SUPPLIED DATA -
********************

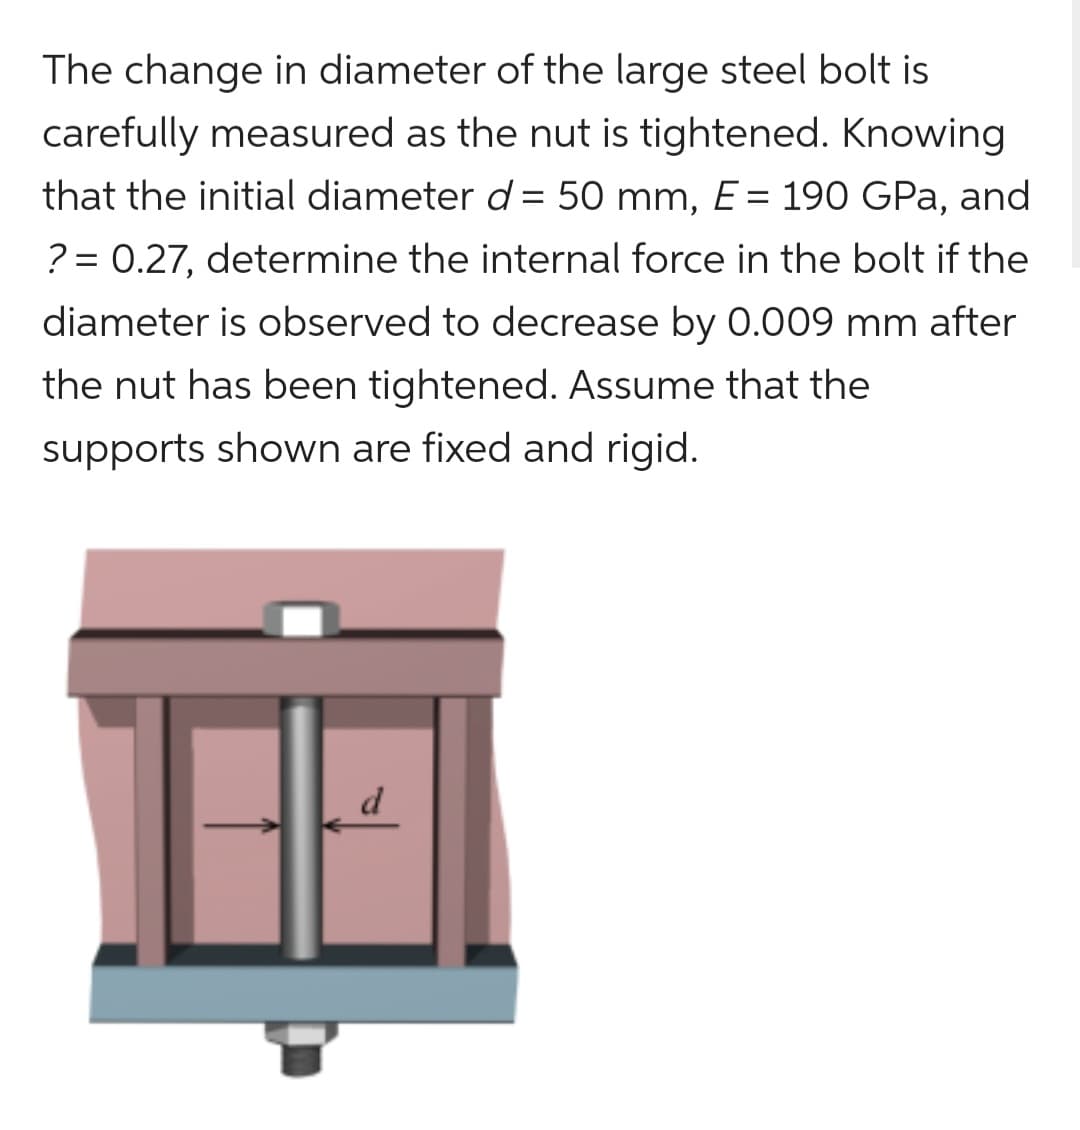 The change in diameter of the large steel bolt is
carefully measured as the nut is tightened. Knowing
that the initial diameter d = 50 mm, E = 190 GPa, and
? = 0.27, determine the internal force in the bolt if the
diameter is observed to decrease by 0.009 mm after
the nut has been tightened. Assume that the
supports shown are fixed and rigid.
d

********************

THE PROBLEM - In the data above, which lines have "that"? Report each of them.

OUTPUT OF THE EXERCISE -
that the initial diameter d = 50 mm, E = 190 GPa, and
the nut has been tightened. Assume that the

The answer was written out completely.